‘The stuff of miracles’
Russell Riley writes that, unlike Trump, earlier presidents found ways to solve major crises
Read the full article at USA Today
One of the main jobs for any president confronting major crisis is distinguishing merely unimaginable options from the genuinely impossible. Indeed, history indicates that a president relying on gifted help and applying courageous leadership can take a problem that others deem unsolvable and — against overwhelming odds — make it go away. This is the kind of history that Donald Trump might have consulted fruitfully as the coronavirus seized this country — and his presidency.
[H]istory indicates that a president relying on gifted help and applying courageous leadership can take a problem that others deem unsolvable and — against overwhelming odds — make it go away.
Secretary of State George Marshall returned from a trip to Europe in the winter of 1947 and reported to President Harry Truman that the war-broken continent was on the verge of implosion. Food and fuel stocks were catastrophically low, disease was running rampant and almost every political system east of Lisbon was teetering towards chaos or the suffocating embrace of Joseph Stalin.
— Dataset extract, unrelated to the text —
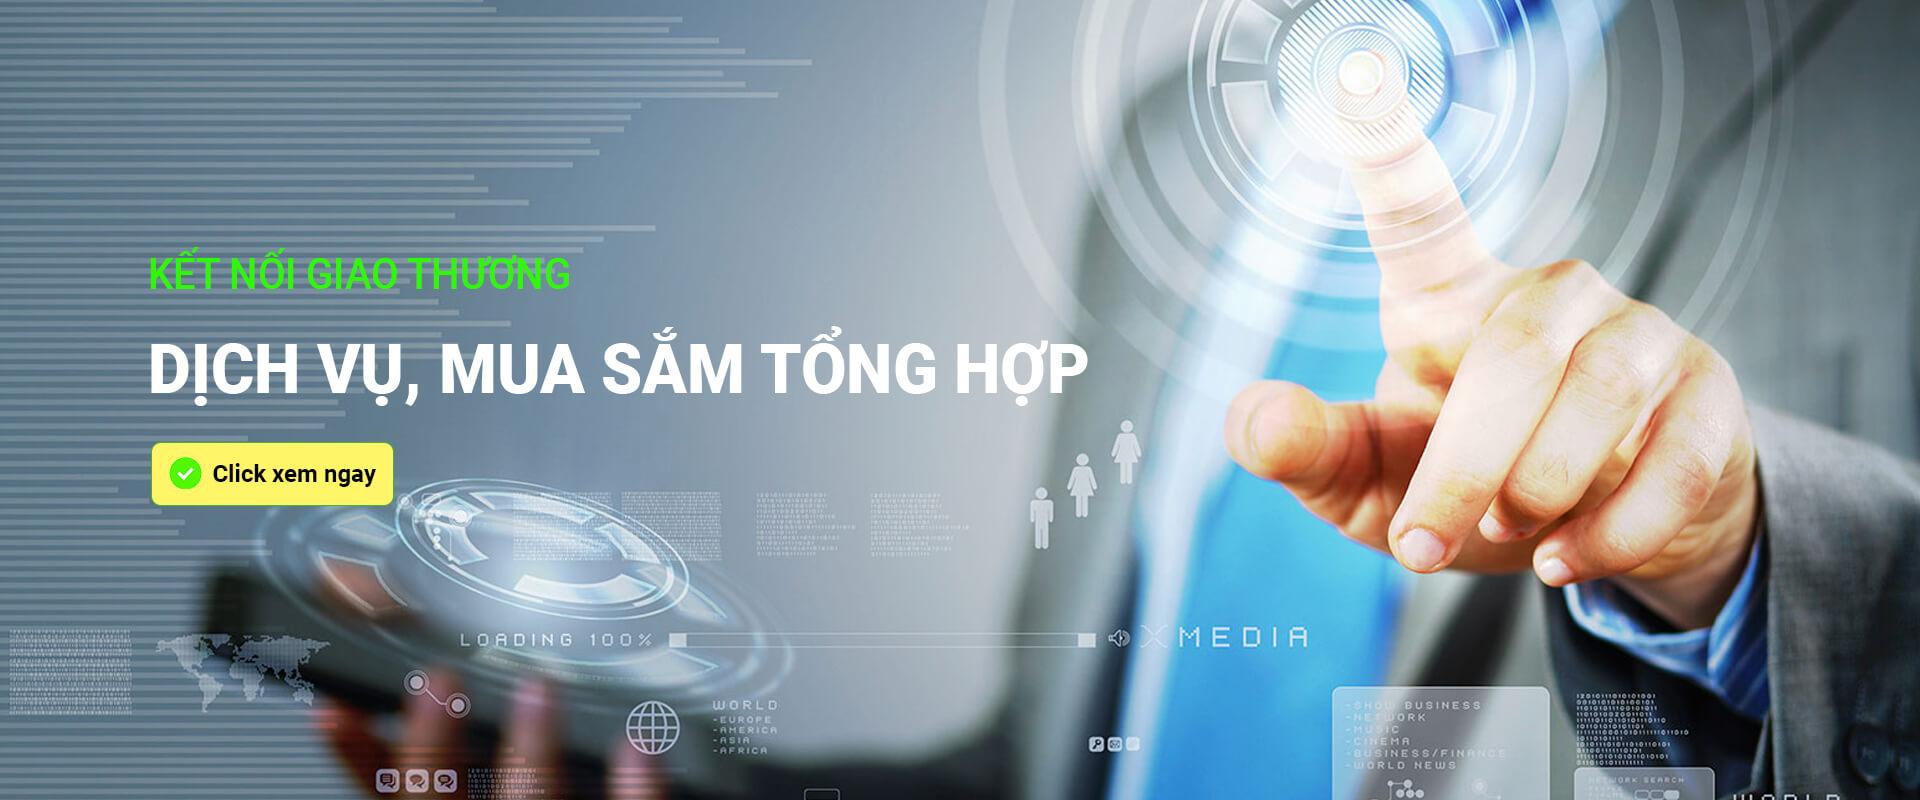 Kênh kết nối giao thương uy tín hàng đầu Việt Nam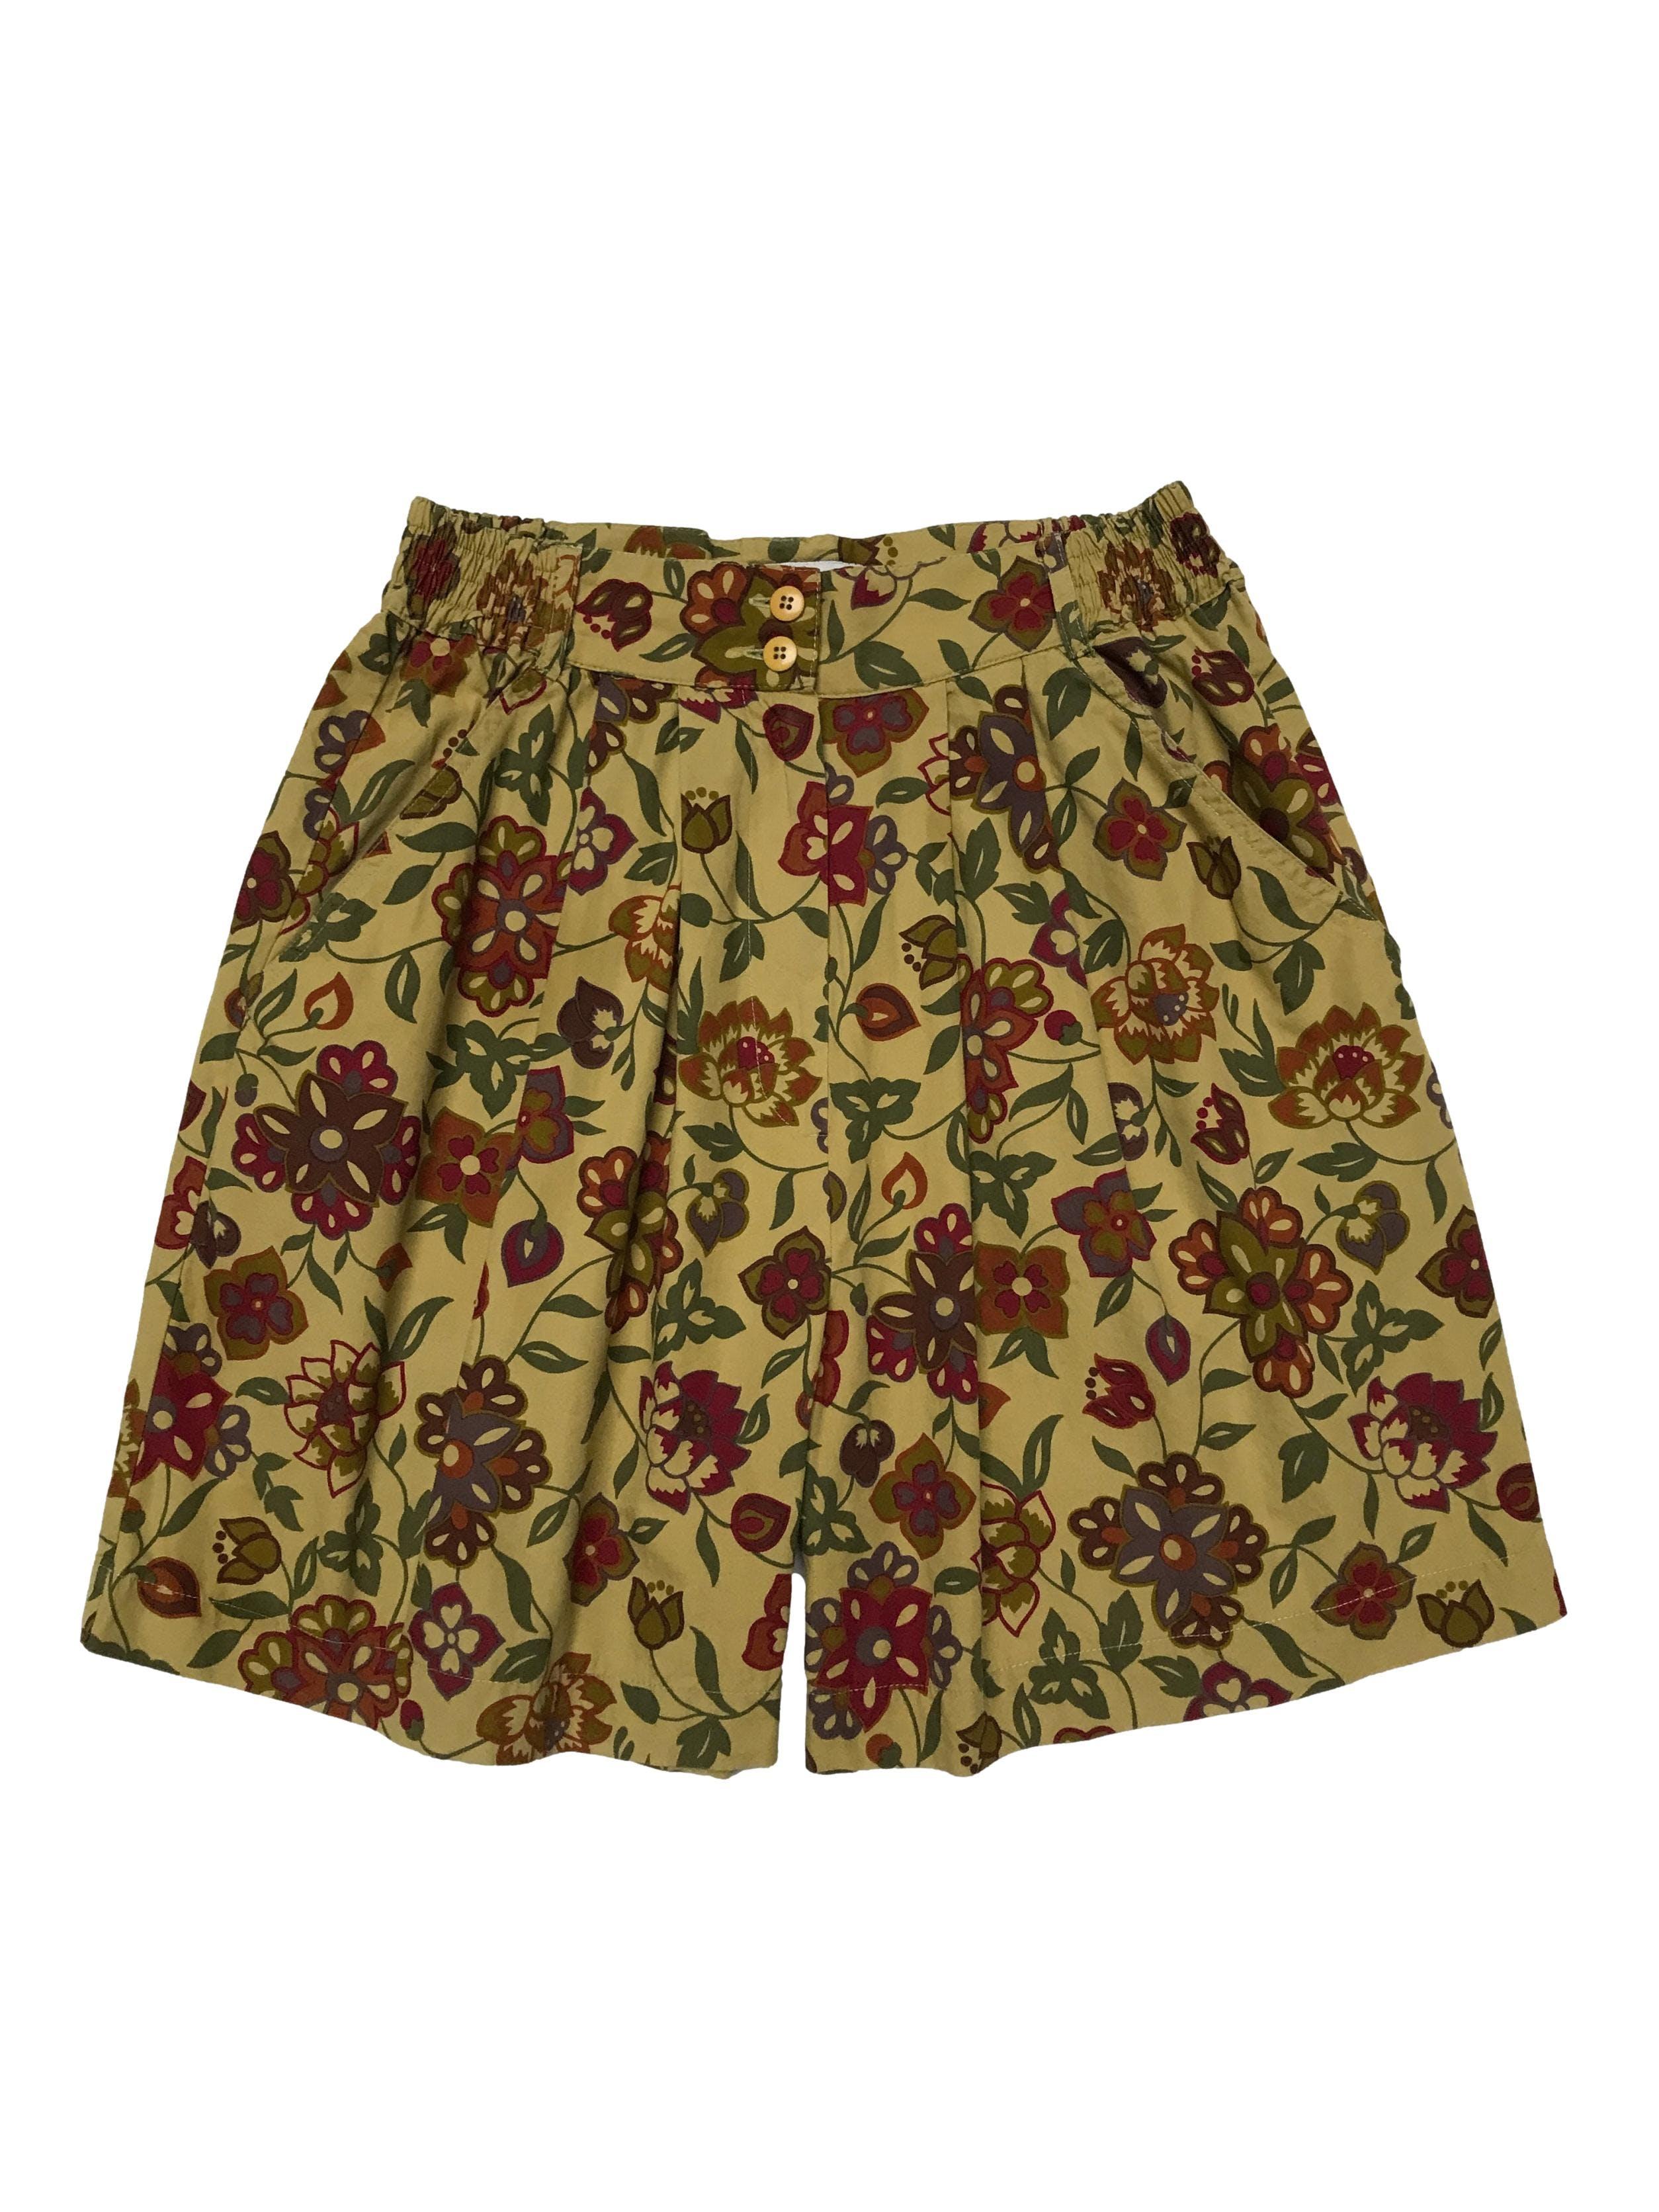 Short Cortefiel vintage 100% algodón, a la cintura con pliegues, botón cierre y bolsillos, pretina con elástico en laterales. Cintura 66cm sin estirar Largo 45cm

The war weariness of the United States meant there was little tolerance for extending further scarce American resources to deal with Europe’s problems. Yet Marshall and his team of experts rapidly developed an aid plan of previously unthinkable proportions. Truman got Congress to adopt it quickly, saving a continent.
Many Americans will vaguely recall the Marshall Plan as a symbol of American post-war generosity. Yet few will remember how audacious or improbable it was. Where is the George Marshall in the Trump White House? And where is Truman’s bold resolve? The absence of that kind of leadership has taken an incalculable toll today.